Sunday, January 17, 2016

CYBORG COP III (1995)



PHENOMENALITY: *marvelous*
MYTHICITY: *poor*
FRYEAN MYTHOS: *adventure*
CAMPBELLIAN FUNCTIONS: *cosmological*

I don't usually spend much time touching on DTV films whose main purpose was just to show a lot of butt-kicking amid some mild SF-elements, but I happened across CYBORG COP III on an old VHS tape and gave it a watch.

I think I saw the first two in the series, which struck me as efficient if unremarkable action-flicks. Like this one, those installments focuses not upon a low-rent version of Robocop, but a heroic human cop who has to take on cyborg opponents for assorted reasons. In both previous films the kickbutt cop was played by David Bradley, better known for his martial arts expertise than his acting. But even though Part III substitutes two heroes in place of one, Frank Zagarino and Bryan Genesse-- formerly opponents in the second "Shadowchaser" film
-- don't even provide the mild entertainment of one Bradley. Both men have done tolerable action-films before and after this one, but their script is so ghastly they've nothing to work with.

Quick summation: an evil company, Deltatech, begins working on cyborg-soldiers whose genetic material includes cockroach DNA, so that they'll be able to survive nuclear war. Supposedly this makes such soldiers interesting to foreign agents, but an intrepid reporter manages to get on the trail of the illegal arms deal, and she involves two witless U.S. marshals in the case.

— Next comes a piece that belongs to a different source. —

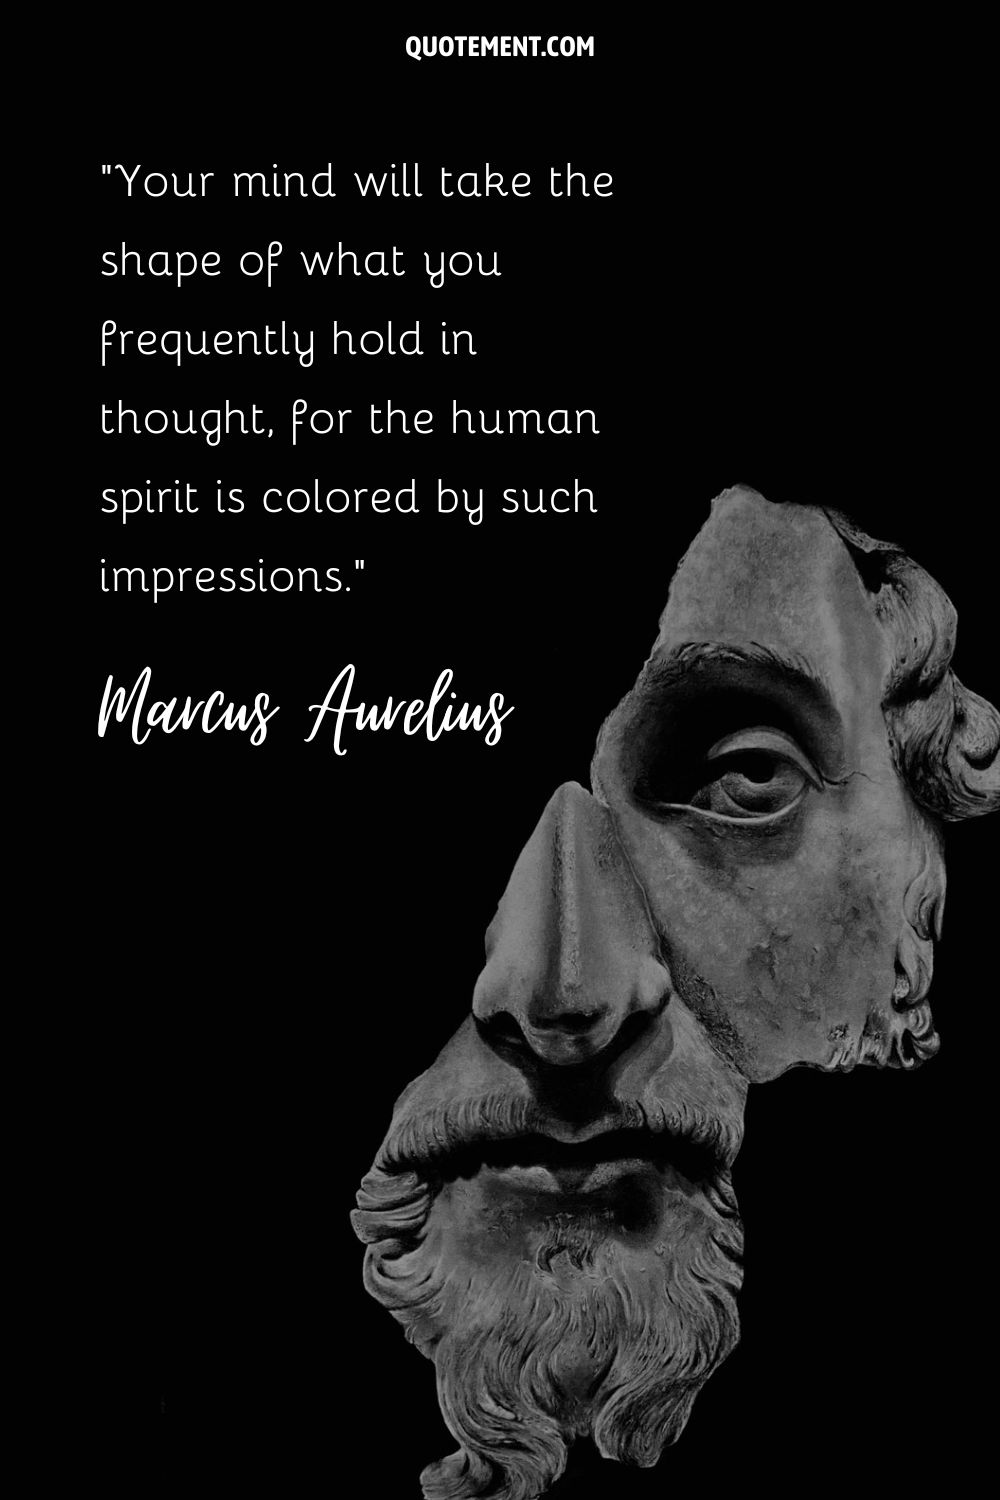 El majestuoso Marco Aurelio retratado en una perdurable escultura de piedra.

The bit about the cockroach DNA is about the only element that causes me to label this a "cosmological" film: in no other way does the script do anything with the science of cyborg technology-- so that it's just as clueless in that respect as in every other one.

CCIII might be good for a few laughs at its incompetence if one is in the mood for a pathetic misfire. But it's not "so bad it's good;" it's just bad.

Friday, January 8, 2016

HAUNTED RANCH (1943)




PHENOMENALITY: *naturalistic*
MYTHICITY: *poor*
FRYEAN MYTHOS: *adventure*
CAMPBELLIAN FUNCTIONS: *sociological*


I've never had a great fondness for the ultra-cheapie B-western serials, whether featuring well known cowboy-stars like Rogers and Autry or mostly forgotten characters like "the Range Busters," the trio of horse-opera heroes who star in HAUNTED RANCH. Probably the only ones that interest me much are those that have, or seem to have, relevance to my NUM theory, like the ones about masked heroes like the Durango Kid, or stories in which cowpokes encounter weird societies, like RIDERS OF THE WHISTLING SKULL.  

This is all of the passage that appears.